# [Dataset excerpt]
=== Section Start ===
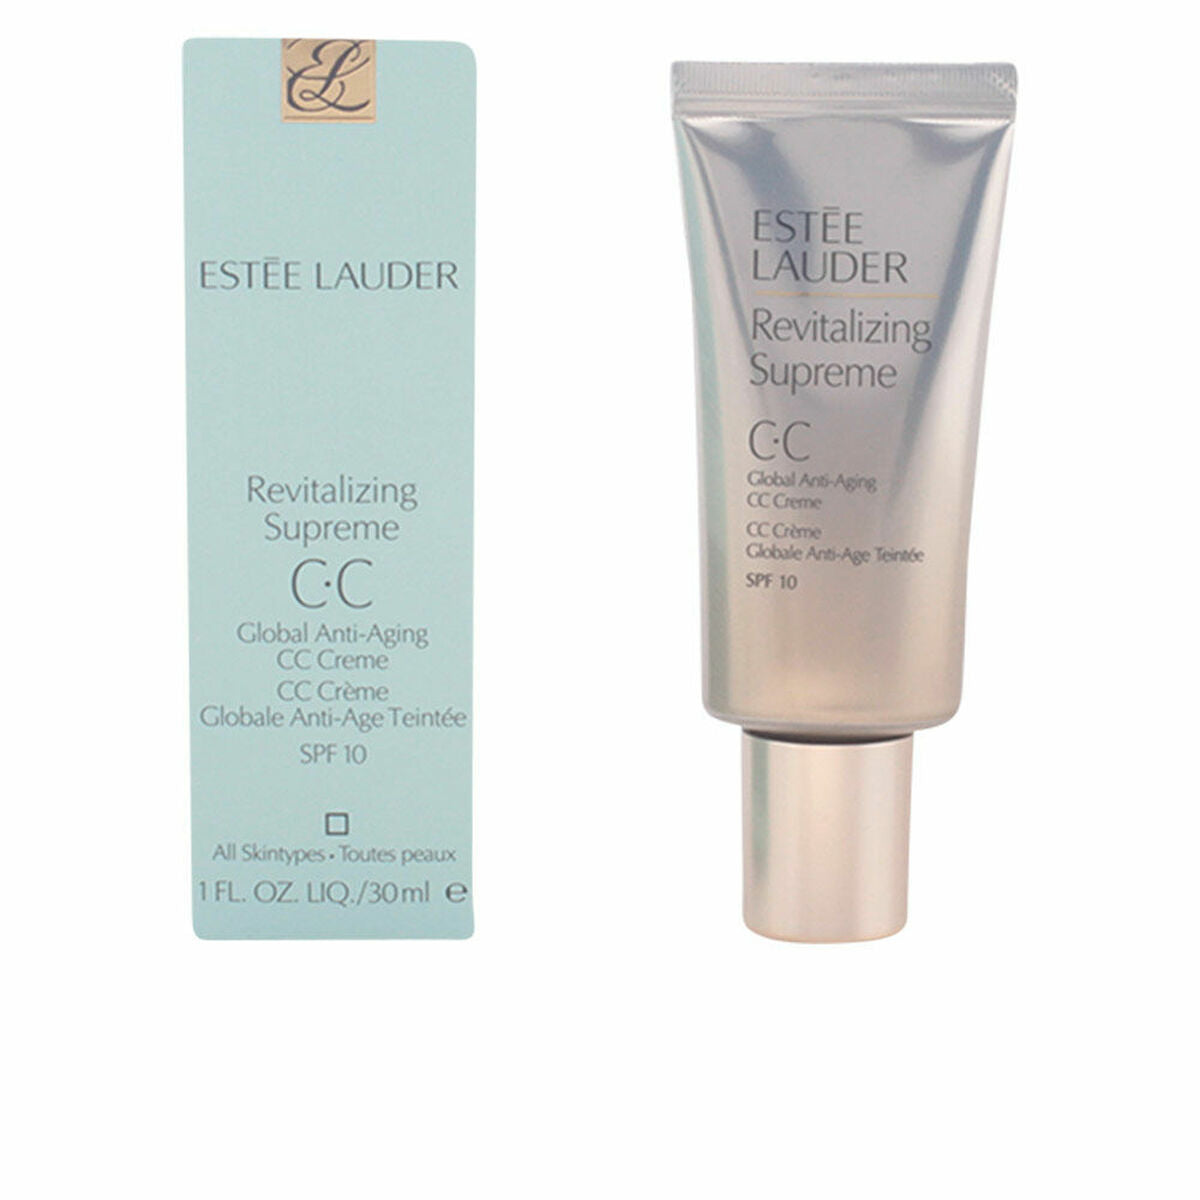 CC Cream Estee Lauder Revitalizing Supreme Cc Anti-ageing Spf 10 30 ml-0
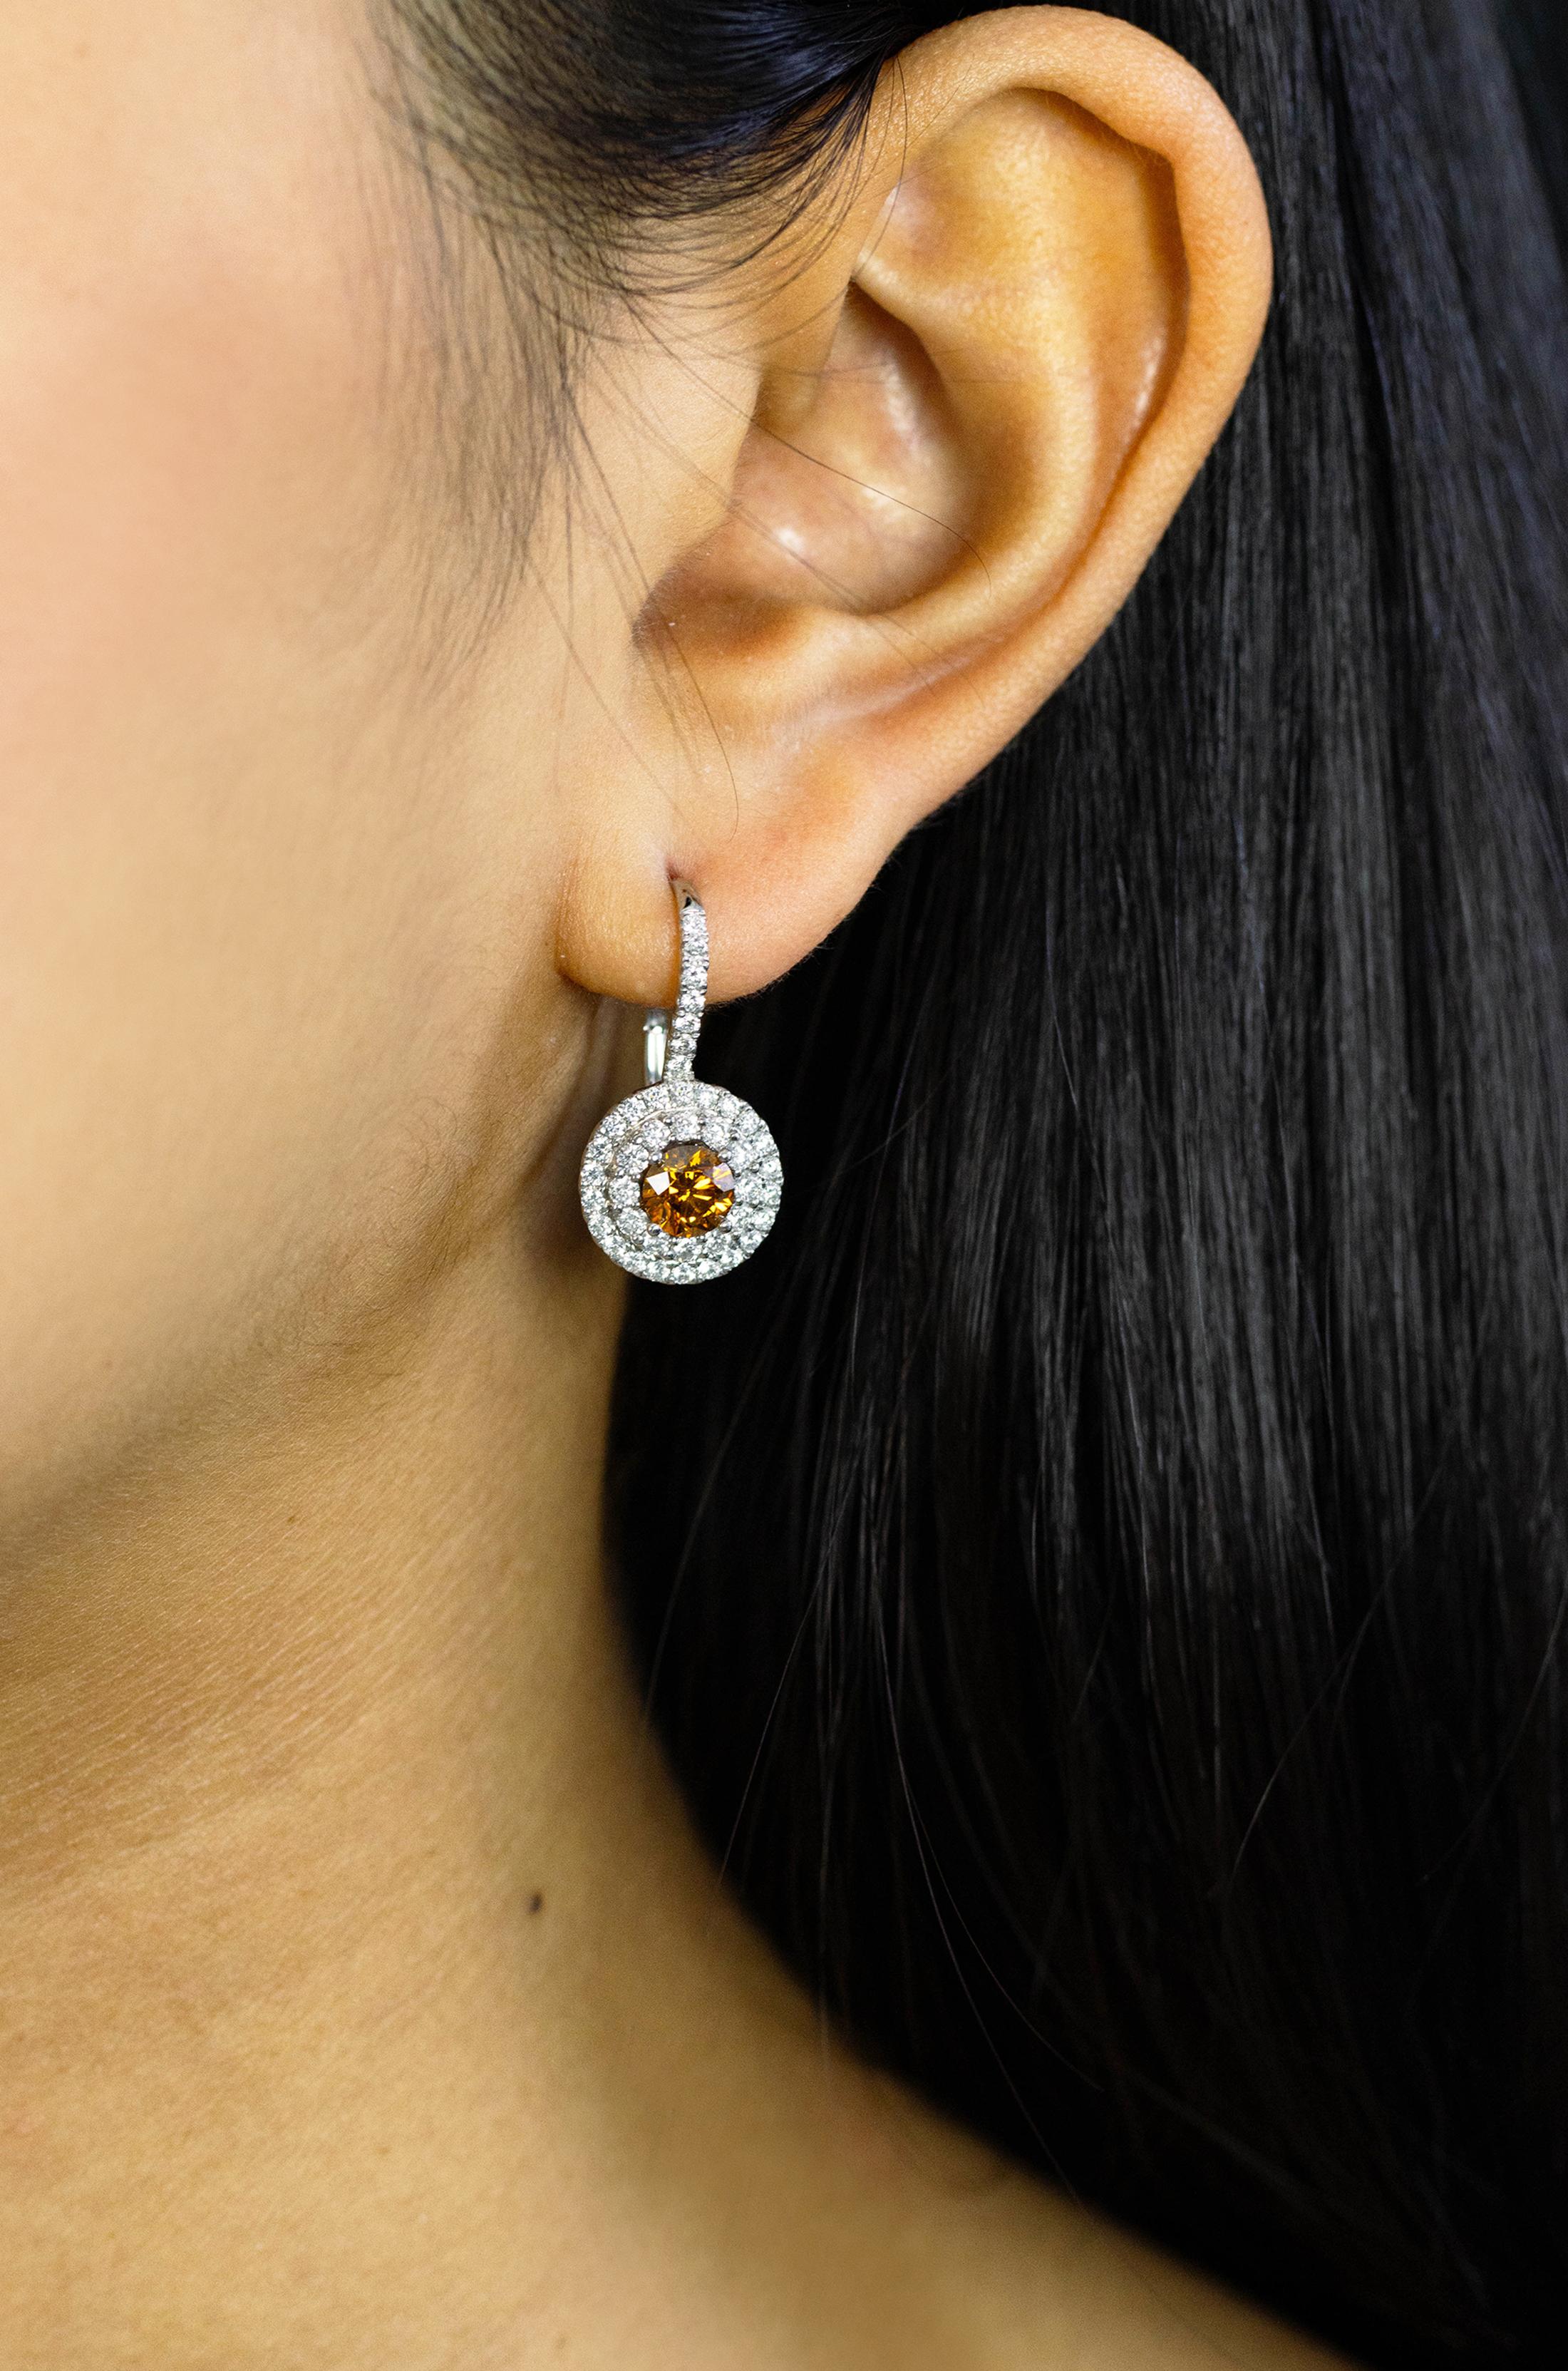 Dieses wunderschöne Paar Ohrringe besteht aus 2 GIA-zertifizierten Mittelsteinen mit einem Gewicht von 0,65 bzw. 0,67 Karat. GIA bescheinigte den Steinen eine 
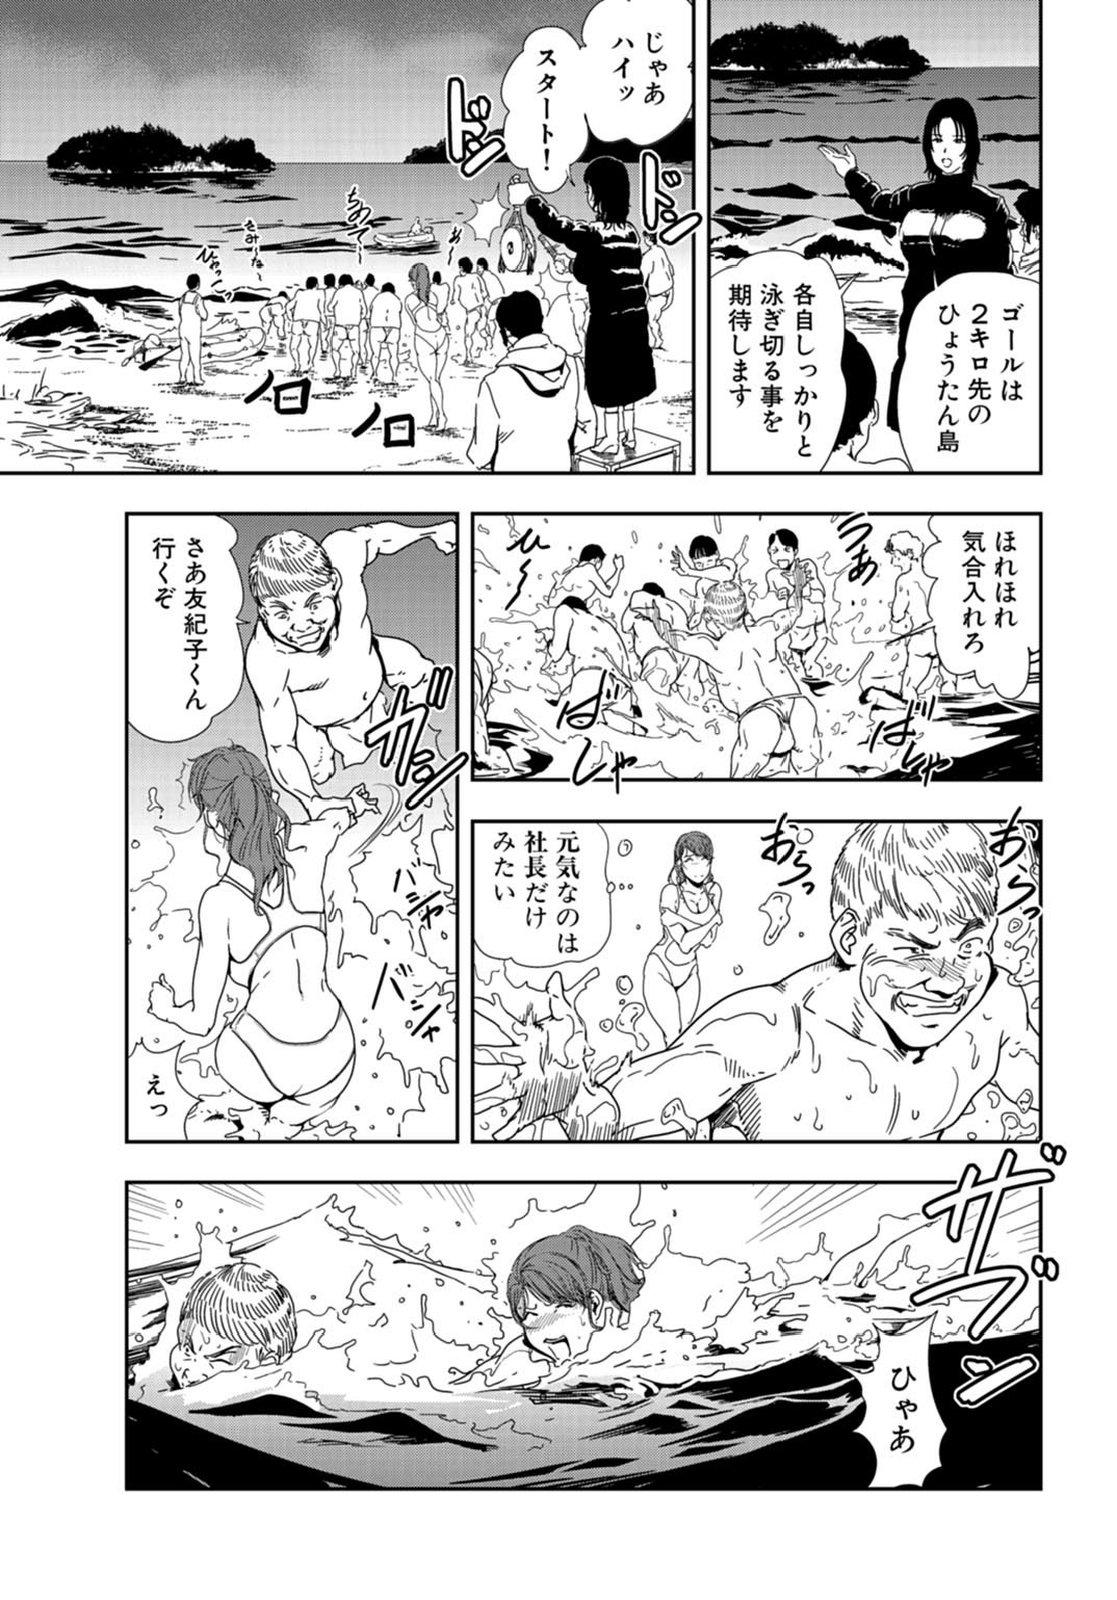 Caught Nikuhisyo Yukiko 22 Whipping - Page 8
=== Section End ===
# [Problem statement]
Only the lines starting at the one that holds "Dieses wunderschöne Paar" and ending at the last line of the data belong in your answer. Please set them down exactly and omit the pictures.

# [Solution to this task]
 Dieses wunderschöne Paar Ohrringe besteht aus 2 GIA-zertifizierten Mittelsteinen mit einem Gewicht von 0,65 bzw. 0,67 Karat. GIA bescheinigte den Steinen eine 
 Caught Nikuhisyo Yukiko 22 Whipping - Page 8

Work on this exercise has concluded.